Wie angenehm war die plötzliche Ruhe. So unverhofft wie es angefangen hatte, so hörte es auch wieder auf. Ich fackelte nicht lange und vereinbarte einen OP-Termin vor Silvester. Es war der 28. Dezember als ich nur Charlys Fressnapf füllte. „Wie gemein!“, dachte sich sicher Joy. Ungläubig, dass sie nichts bekam schlüpfte sie freiwillig in die bereitgestellte Transporttasche. Taschen, Körbe, Koffer brauchte ich nur offen zu platzieren, schon war sie drinnen. Vielleicht würde ja etwas Spannendes passieren. Wenn sie gewusst hätte, was auf sie zukam, dann hätte sie sich sicher weit in der hintersten Ecke unter dem Bett verkrochen.

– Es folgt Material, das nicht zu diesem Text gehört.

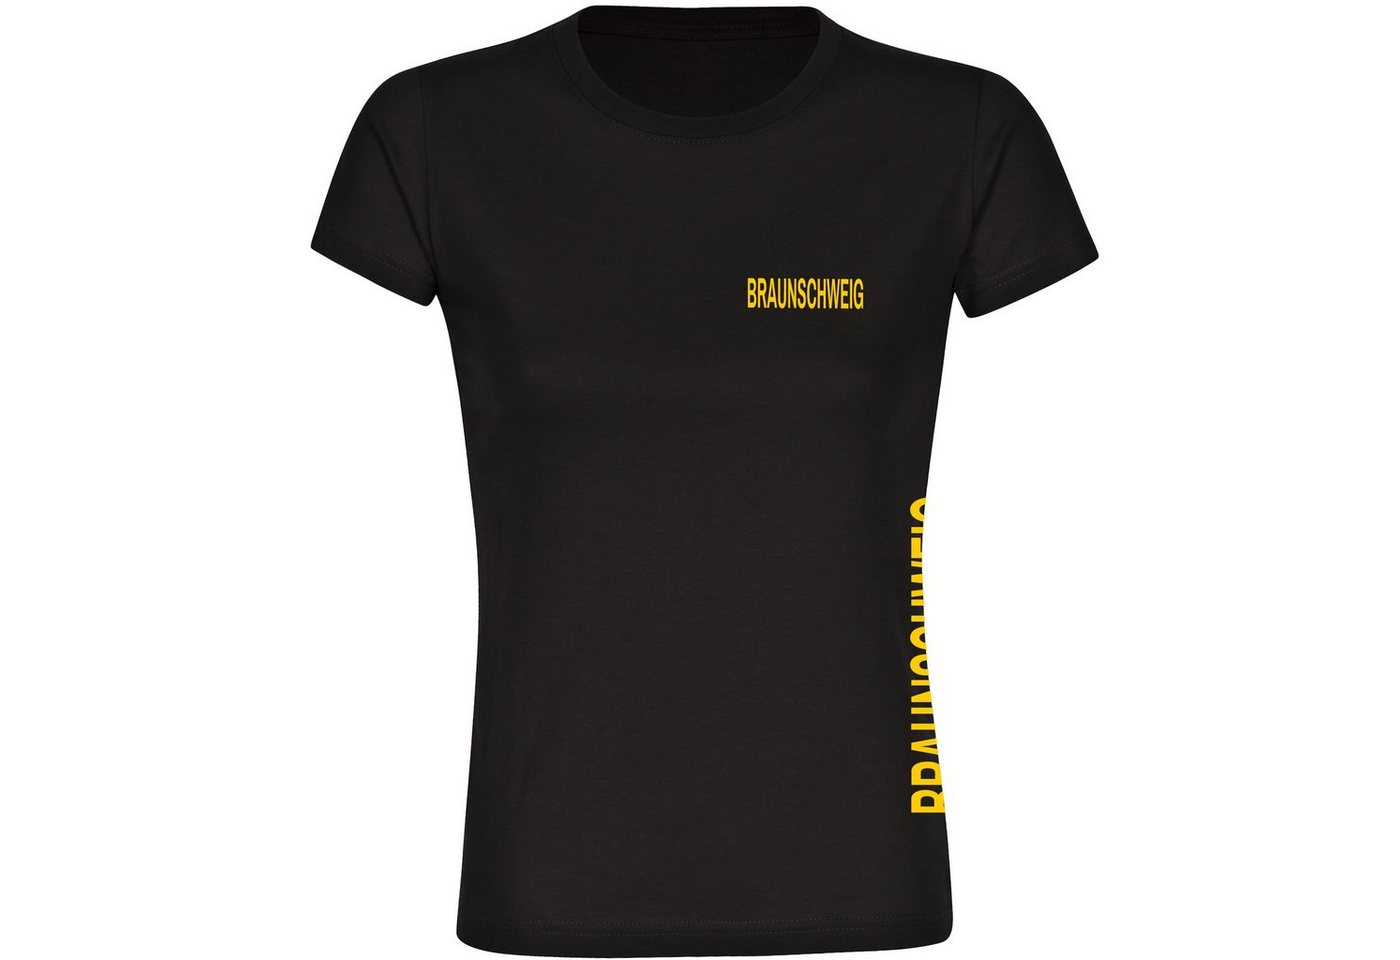 multifanshop T-Shirt Damen Braunschweig - Brust & Seite - Frauen von multifanshop

Joy war noch benommen von der Narkose, als wir wieder nach Hause kamen. Der medizinische Geruch hielt Charly davon ab sich Joy zu nähern. Die Tierärztin hatte mir geraten, sie noch für vier Stunden in der Transporttasche zu lassen. Sie könnte sich übernehmen und dabei verletzen. Ich stellte sie neben mich auf das Sofa und streichelte sie durch einen Reißverschlussschlitz. Ihr Fell fühlte sich schwitzig an. Eine Katze zu kastrieren ist eine größere Operation als bei einem Kater. Das Fell am Bauch muss rasiert werden. Der Unterleib wird aufgeschnitten und die weiblichen Geschlechtsorgane werden entfernt. Eine riesige Strapaze für die kleine Maus. Bis sie sich restlos davon erholte, verging eine Woche. Ich blieb so lange zu Hause um sie daran hindern zu können am OP-Faden zu nagen. Sie war jedoch sehr brav und lies ihre Wunde in Frieden, bis der Faden sich von selbst aufgelöst hatte. Im Januar als ich wieder zur Arbeit ging, war alles wieder gut. So als wäre nichts gewesen. Joy und Charly kuschelten sich in ihre Bettchen vor der warmen Heizung und manchmal brauchten sie auch nur Eins.